◆ **Provided material**:
Start of Block

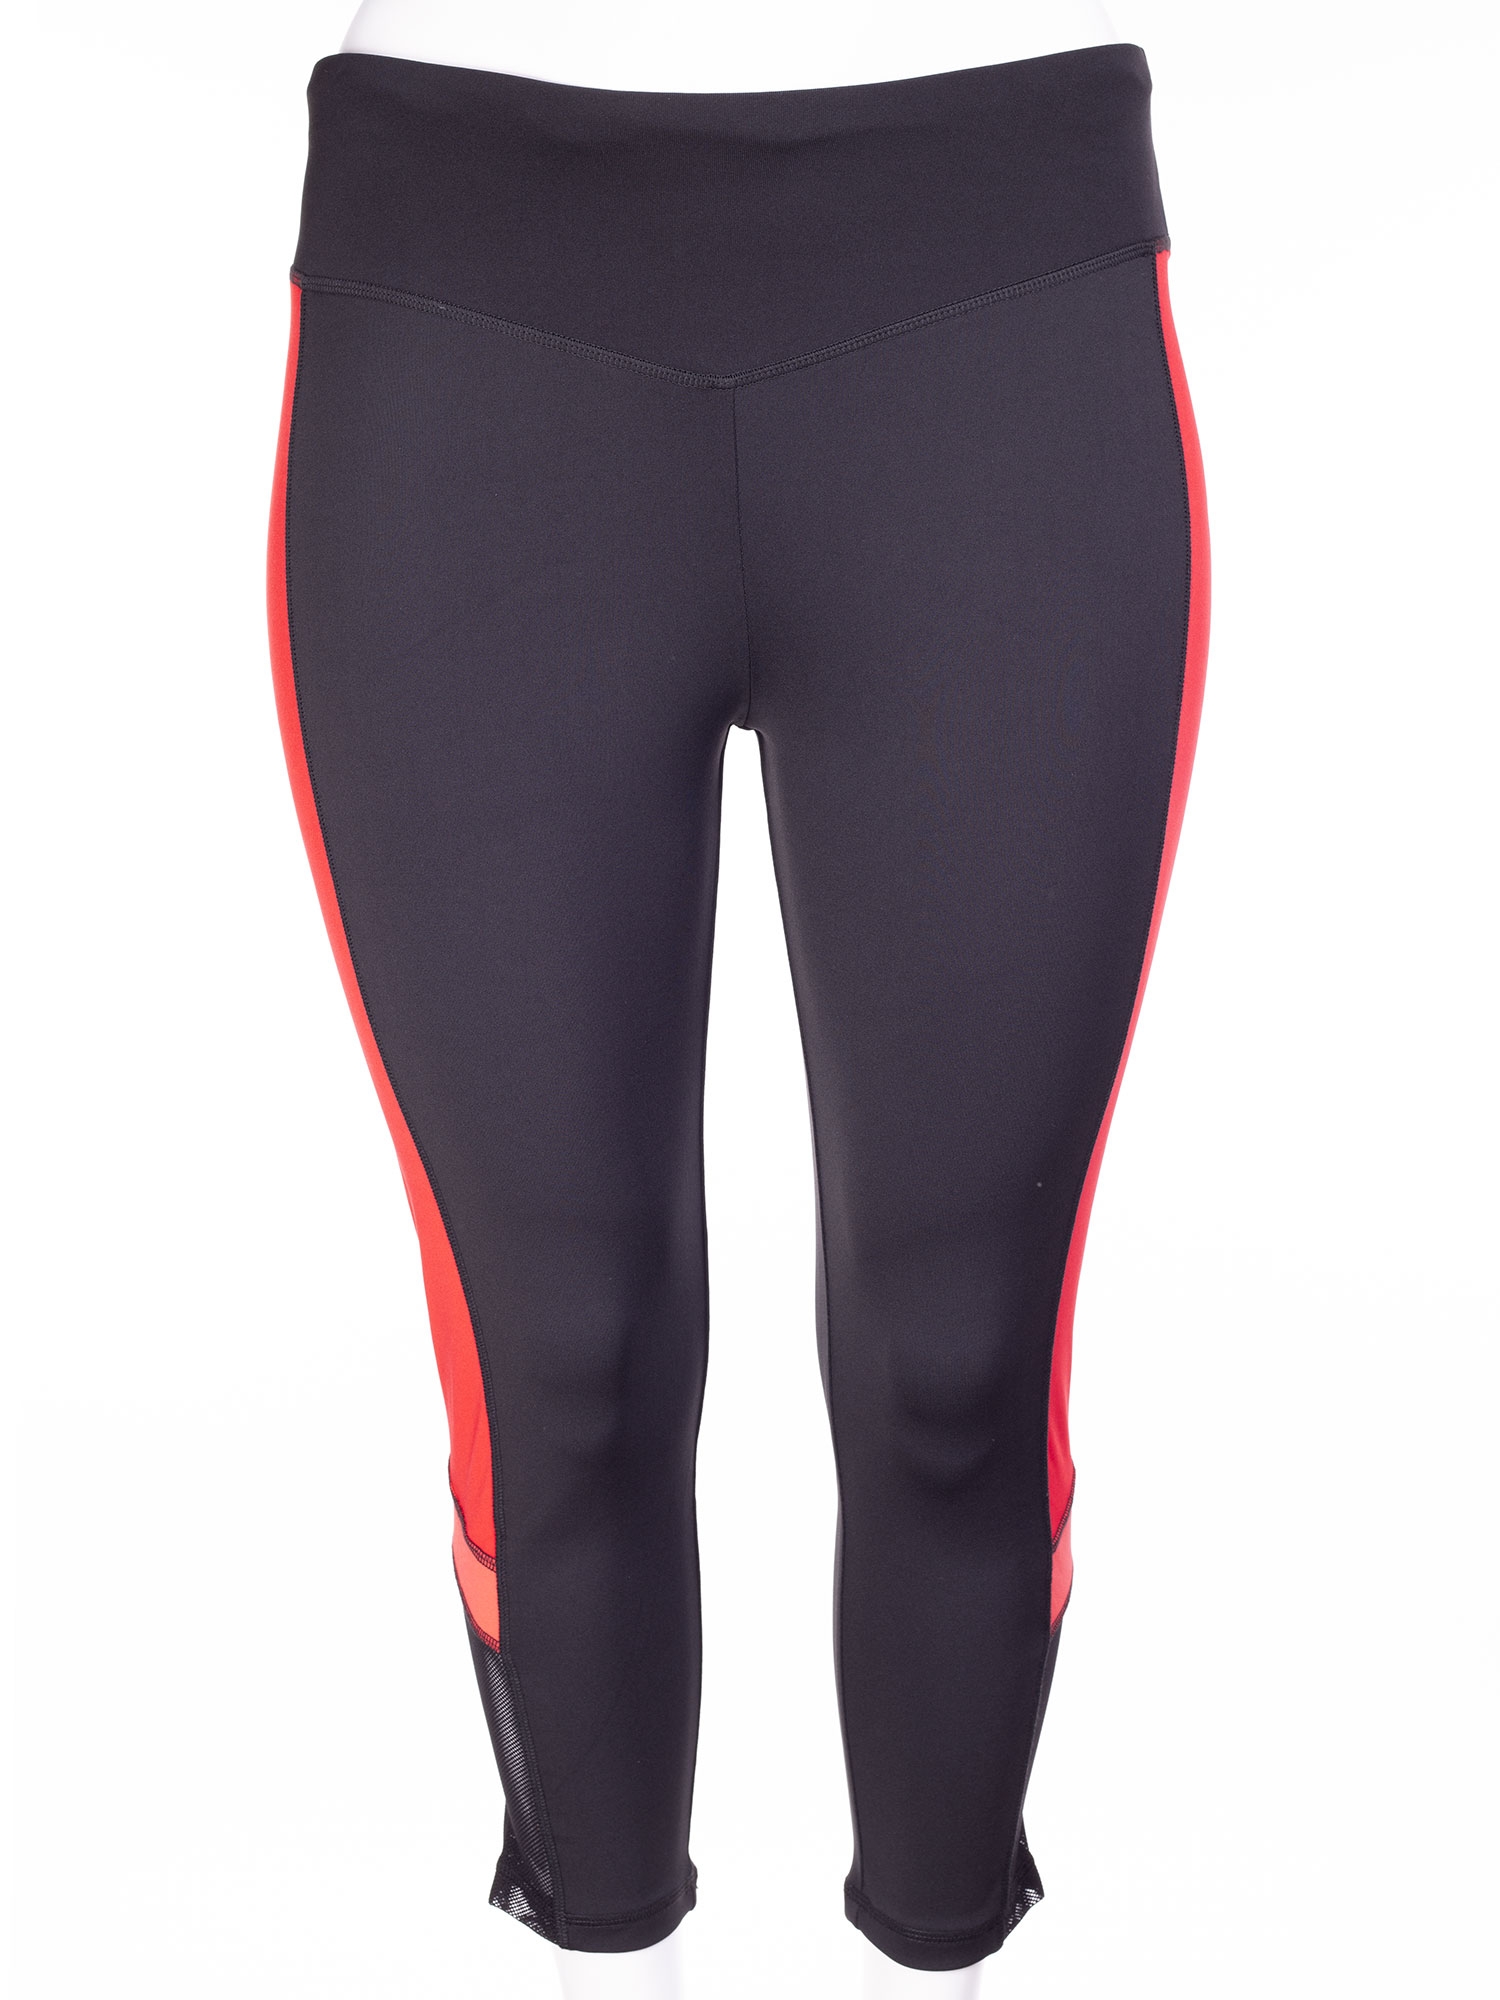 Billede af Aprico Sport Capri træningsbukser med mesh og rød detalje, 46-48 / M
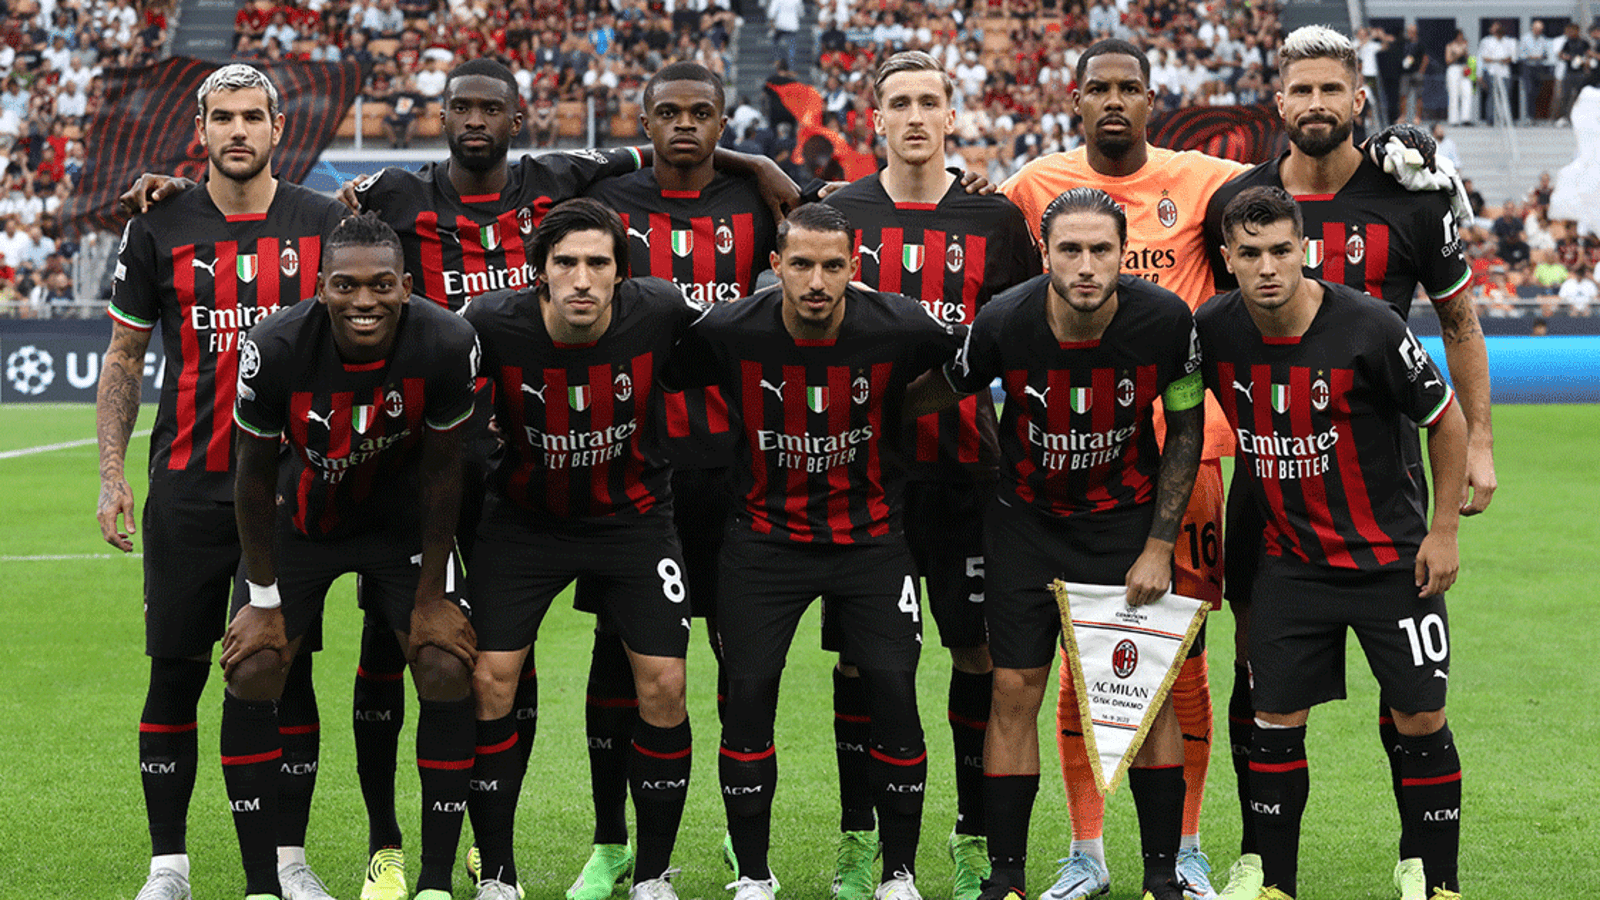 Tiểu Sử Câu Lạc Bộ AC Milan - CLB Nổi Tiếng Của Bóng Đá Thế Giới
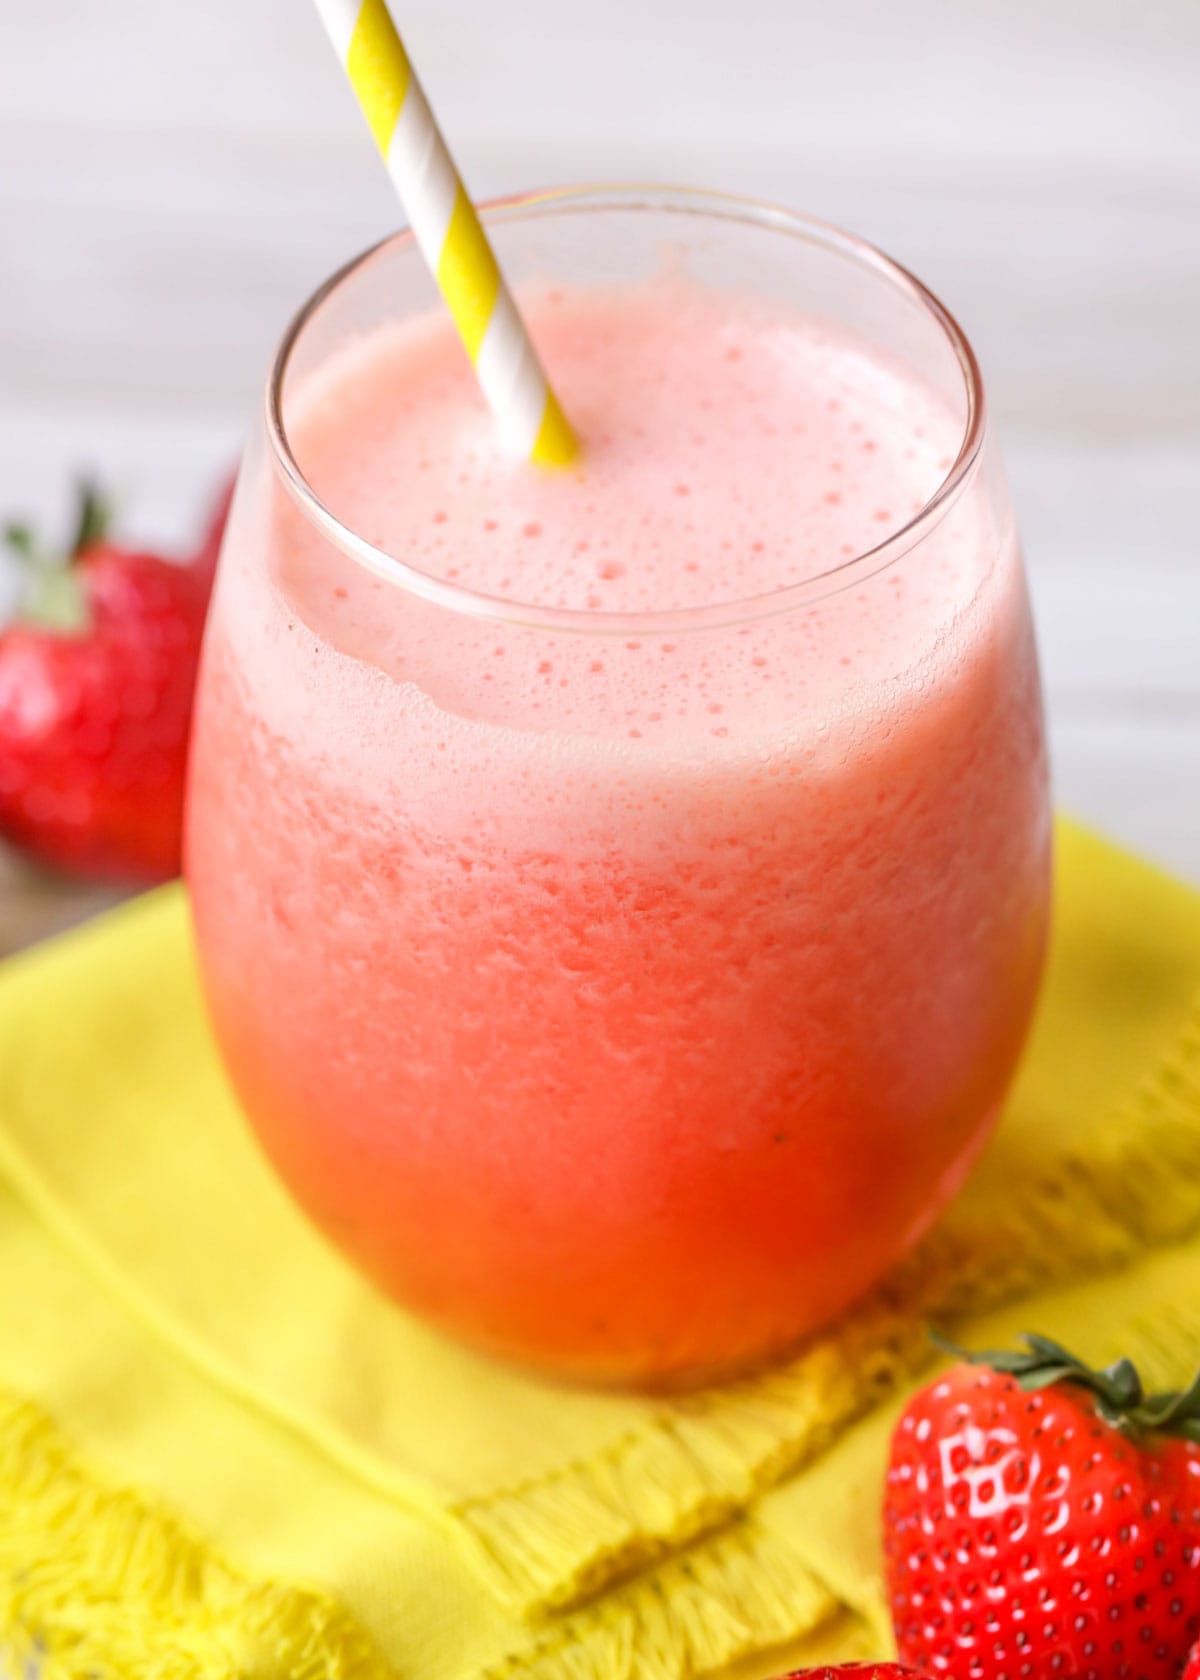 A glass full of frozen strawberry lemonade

End of Block

◆ **Task brief**:
Skip the pictures; extract only the lines from the line with "Tiểu Sử Câu" through the final line of the material, exactly as they appear.

◆ **Response to the task**:
 Tiểu Sử Câu Lạc Bộ AC Milan - CLB Nổi Tiếng Của Bóng Đá Thế Giới
 A glass full of frozen strawberry lemonade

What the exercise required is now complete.